So for us, that is the number one: those manual overrides, because whenever they happen it means that there is something that we are getting wrong in the model itself, and thus potentially it can undermine all the economic analysis end-to-end.
That’s why we need to pay a lot of attention. We treat that as a bug. Unless we understand the bug, we don’t know how deep the rabbit hole is going.
Patrick McDonald: I found that to be true too.
I guess the question I would have is: is that always the case? When you found out that almost all those overrides are wrong?
Or are there cases where somebody comes in and overrides and, yeah, there was a problem with the model and we figured it out and fixed it?
Joannes Vermorel: First, the thing is that initially, when we start a project, very frequently most of the overrides—unfortunately for us—are real. There are stuff that we have missed. There are stuff that we did not understand.
So when we get started, most of those overrides usually reflect stuff that we didn’t know.
For example, when we started aviation, that was like a decade and a half ago, I didn’t know what was a retrofit—the importance of retrofit.
We had a lot of people tweaking numbers, and at some point I said, “What is going on?” They told us it’s a retrofit. I said, “What?”
Then we went back. The guy who did the modeling was very ignorant on something very important.
But then over time it can be anything. It can be a new guy that is overriding for no reason whatsoever, just because he was used to override stuff in his previous company, comes here and says, “Oh, I should override.” Well actually it doesn’t make any sense.
I treat that… the percentage of critical reports diminishes a lot.
But it’s a little bit like when you’re a software company: you have bug reports from users. You have a lot of rejects. People will say, “Oh it’s buggy,” no, you just got the feature wrong—it’s really the intended behavior.
Nevertheless, we tend to monitor those very carefully, because, according to Nassim Taleb, the occasional that prove to be correct can be very significant.
So even if you say 99% are like “the user is wrong,” maybe this 1% turns out that it was very impacting.
So that’s why we keep an eye.
For a mature project, the vast majority are essentially noise, but a few are not, and those are the ones we are really concerned about.
Conor Doherty: All right. Thank you.
This next question was posted by— I hope I’m pronouncing it correctly—Lucio Zona. Now this was on the safety stocks discussion from last week, but it’s very relevant.
So I need to read it, and then there’s two questions.
A little bit of context: Lucio pointed out that most supply chain managers’ bonuses are tied to KPI. So for example, on time and in full.

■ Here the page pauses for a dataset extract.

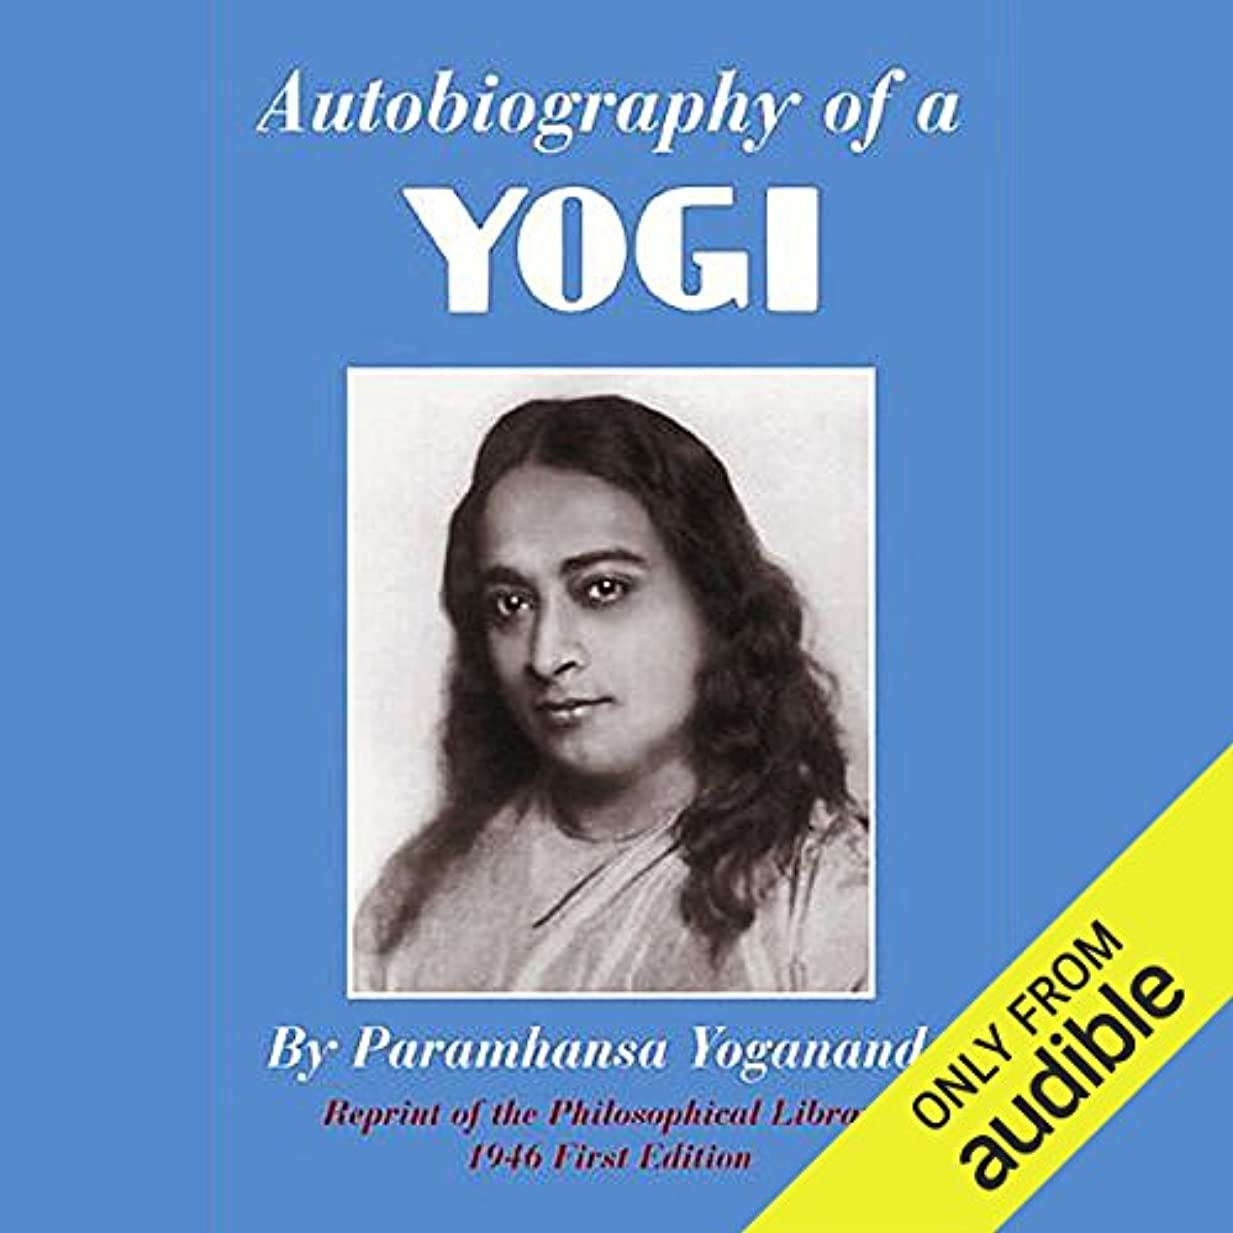 講堂移行支配的Autobiography of a Yogi

As a result, no one really gets fired for excess stock, only for bad on time and in full.
That naturally pushes—or possibly incentivizes—people to inflate inventories.

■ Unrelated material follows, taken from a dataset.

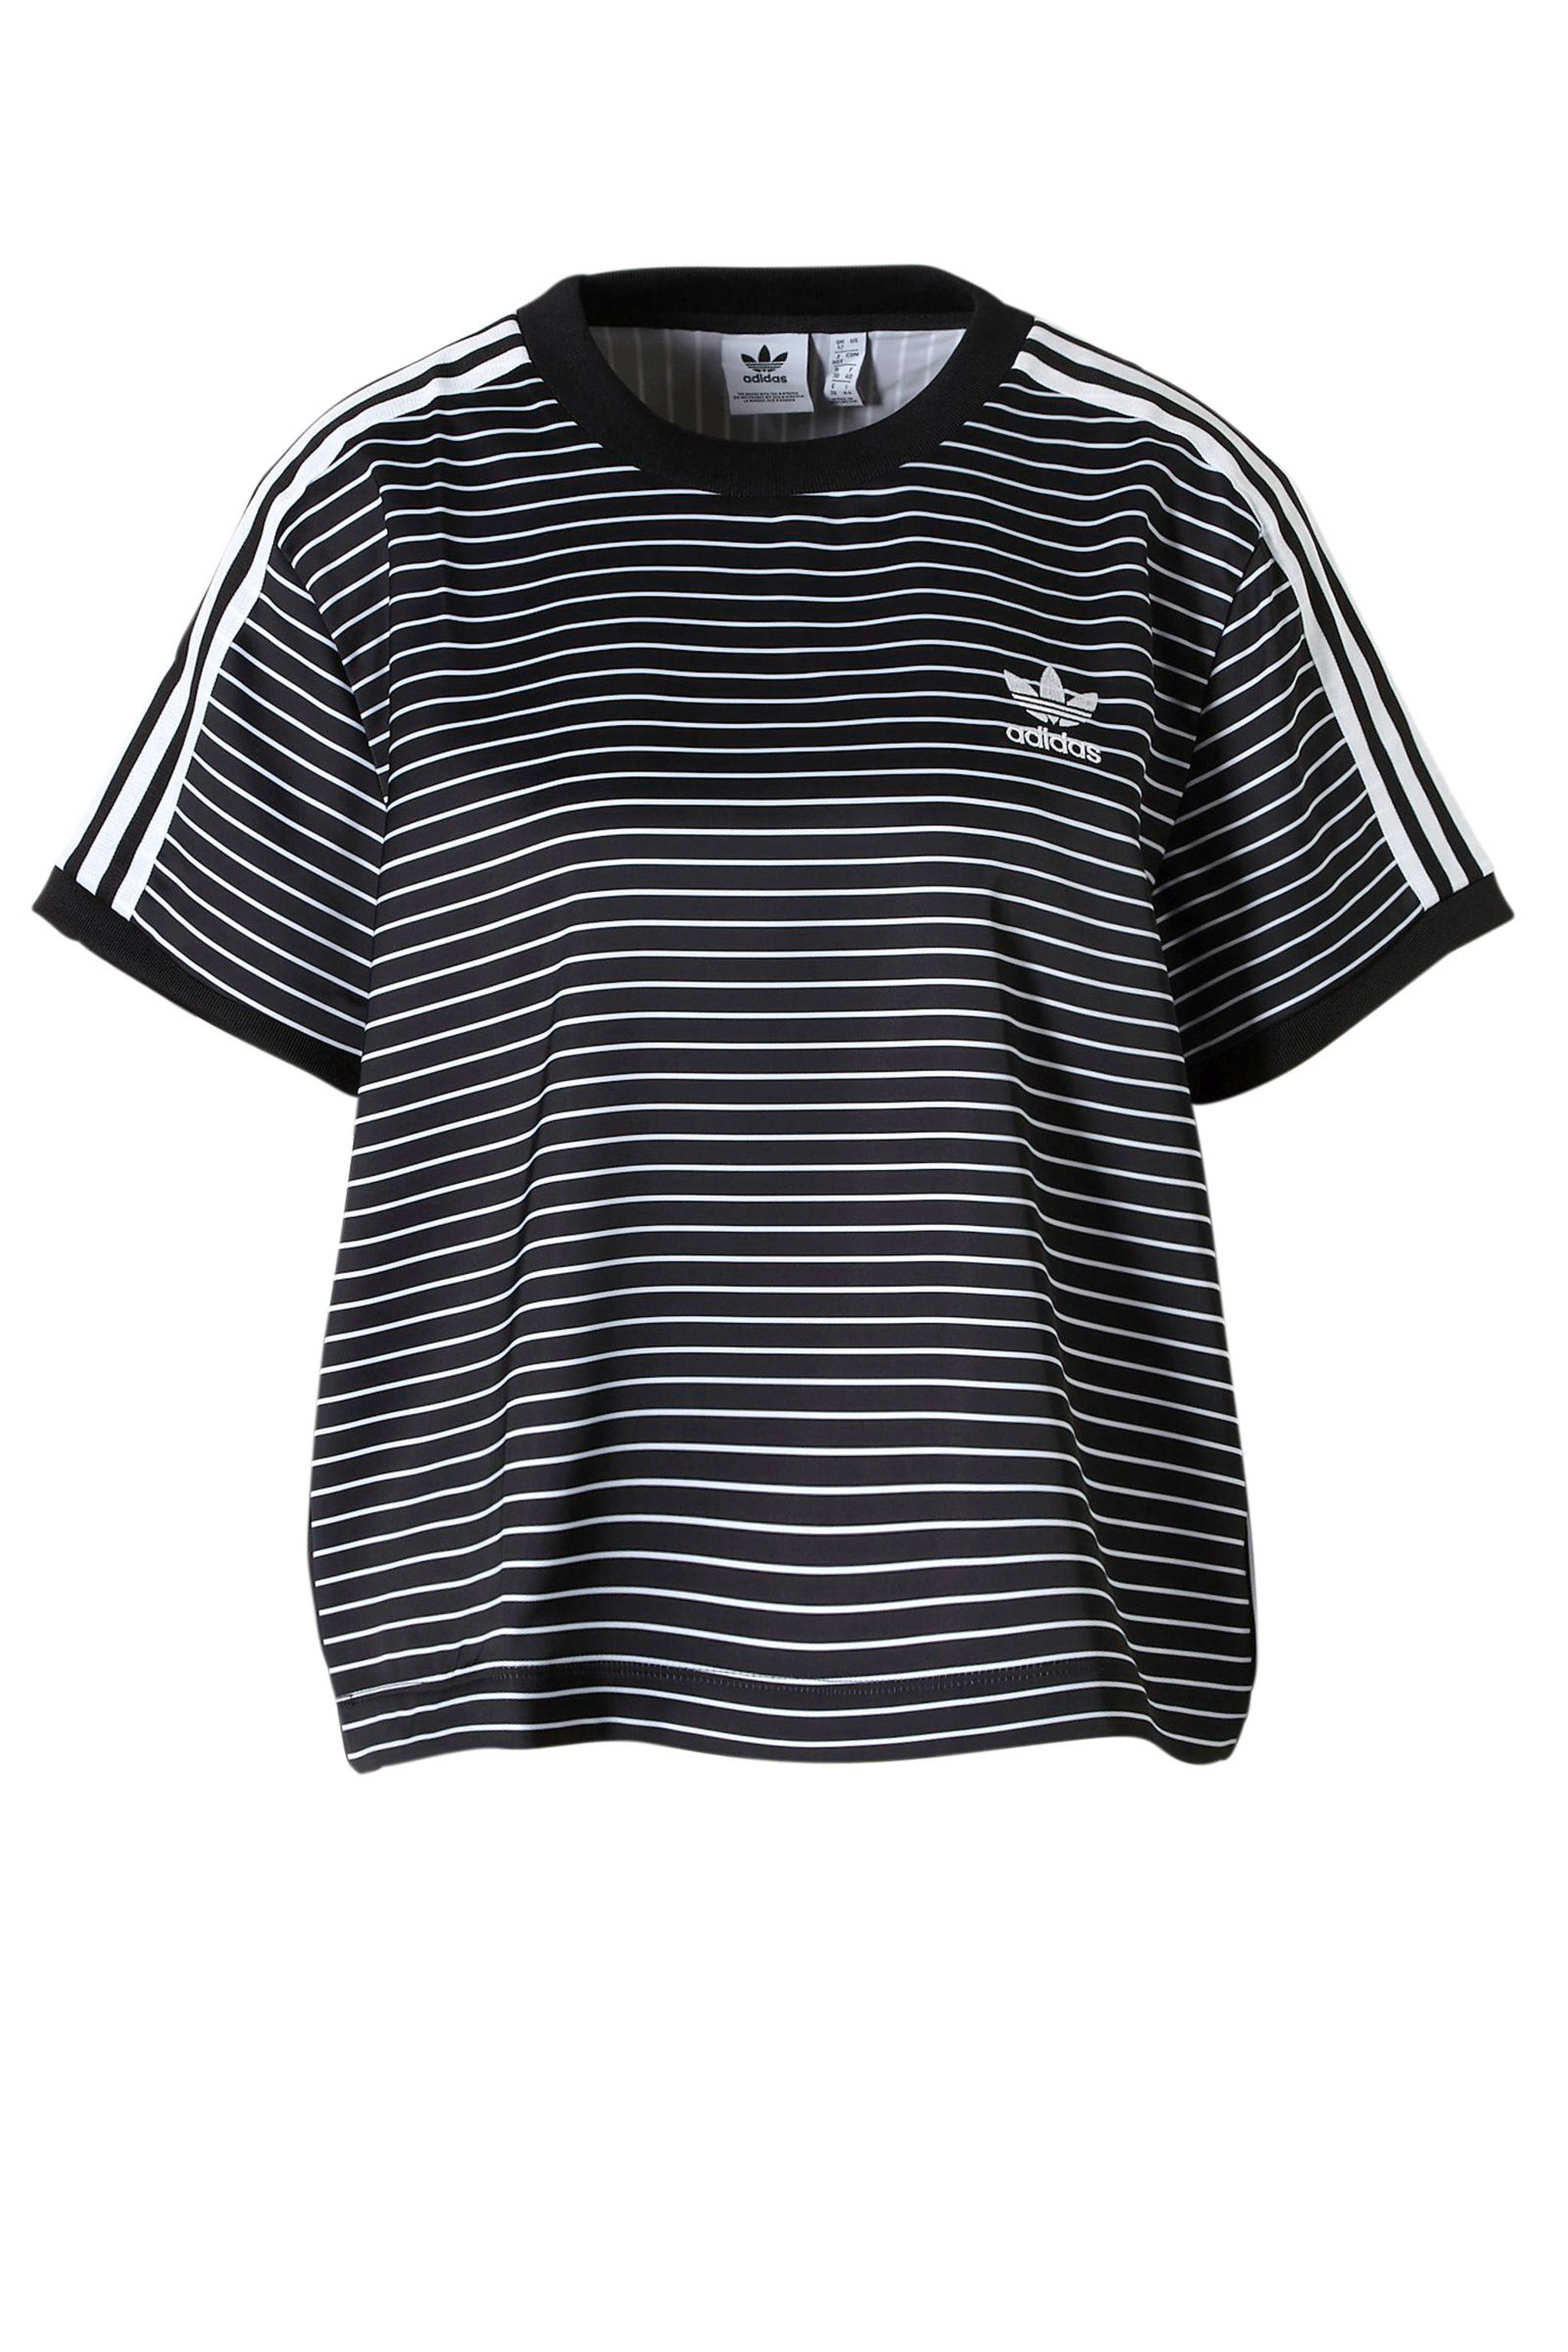 1a6a4c113ca adidas originals originals T-shirt met strepen zwart/wit | wehkamp

In theory, we could size safety stocks using true economic costs per unit short, per stockout event, but those numbers are fuzzy. So companies default to simple KPIs.
Now the two questions: to whom do KPIs actually matter, and how should incentive structures be designed so that those metrics or KPIs don’t basically reward people gaming the system?
Patrick, I’ll go to you first.
Patrick McDonald: It’s a difficult question. I know. No, it’s not. It’s a simple question that aggravates the heck out of me.
The amount of incentives in conflict in major organizations that I’ve been in is mind-numbing.
That’s one of the biggest challenges that I have.
A whole different topic.
I have a different set of overall metrics that I think organizations should be looking at in terms of how they run their businesses.
Metrics in conflict, particularly the ones that incentivize certain behaviors that are in conflict, is problematic.
That’s part of why we have sales and operations planning. Operations and supply chain have their own problems for many reasons.
Not the least of which is that everybody has what they call a forecast, and there are at least seven different forecasts in each organization.
One’s a supply plan, one’s a demand plan, one’s a statistical forecast, one is the sales targets, one’s the marketing plan, and one’s a financial plan. They’re all called “the forecast.” They don’t reconcile.
Then the organization wonders why they’re out of alignment.
Part of the reason is you go back to the individual metrics that people’s bonuses are based upon that incentivize their behavior.
So yes, that is a huge problem. Fixing it is not a trivial challenge. It’s a big management consulting sort of work—or big management problem—that needs to be dealt with.
It can be dealt with, but it’s going to take some real leadership inside an organization to make that happen.
So does that cover the first part of the question? What was the second part? Did I miss anything there?
Conor Doherty: KPIs matter to who—or to whom do KPIs actually matter? And then how do you incentivize people not to game the system?
Patrick McDonald: You make sure your metrics are in alignment and they’re not in conflict. That’s how you do that.
Conor Doherty: All right. Thank you.
Joannes, same questions.
Joannes Vermorel: My approach will be a little bit different.
There is a corporate law that says: any good metric that is established as a target ceases to be a good metric.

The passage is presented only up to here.